Testing the 2023 movies is analogous to using synthetic data to evaluate new innovations. Ideally, synthetic data will be able to predict performance of the 2023 movies based on the title and IMDB description because the model understands what consumers want. This would support the validity of using synthetic data to predict performance of new-to-market movies and potentially predict the performance of new-to-market ideas in other categories.
We ran a study with 500 synthetic respondents per year. As part of this, we provided the AI with “personas” based on the industry-reported demographic breakdowns of moviegoers. This included demographic information on gender, age, ethnicity, number of key technology devices owned, and mirroring the population distribution in terms of household income.
We used our proprietary Upsiide platform for the movie evaluation and correlated performance of each movie in our test with the actual box office performance for each year.
The results
AI-generated synthetic data correlates well with movie performance in 2018 and 2019 (correlations of 0.75 in each year). However AI struggles to predict performance of the 2023 movies (correlations of 0.43).

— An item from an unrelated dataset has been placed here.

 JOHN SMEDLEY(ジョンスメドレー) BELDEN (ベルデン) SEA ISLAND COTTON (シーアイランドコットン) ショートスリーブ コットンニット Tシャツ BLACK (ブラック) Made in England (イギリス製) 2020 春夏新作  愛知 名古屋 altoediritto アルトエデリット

The 2023 performance prediction is much worse when we remove sequels with a correlation of 0.15. Performance of movies with sequels are easier to predict for the model because it could draw on known performance for the earlier movie.
AI-generated data looks backward effectively (using the data on which the model was trained) but struggles to predict future behavior.
Much with anything, synthetic data can be useful in certain use cases right now. But when it comes to planning for your business’ future, it still has some catching up to do. We encourage critical investigation as part of AI adoption, and as such we promise to always tell you the good, the bad, and the ugly of our AI experiments.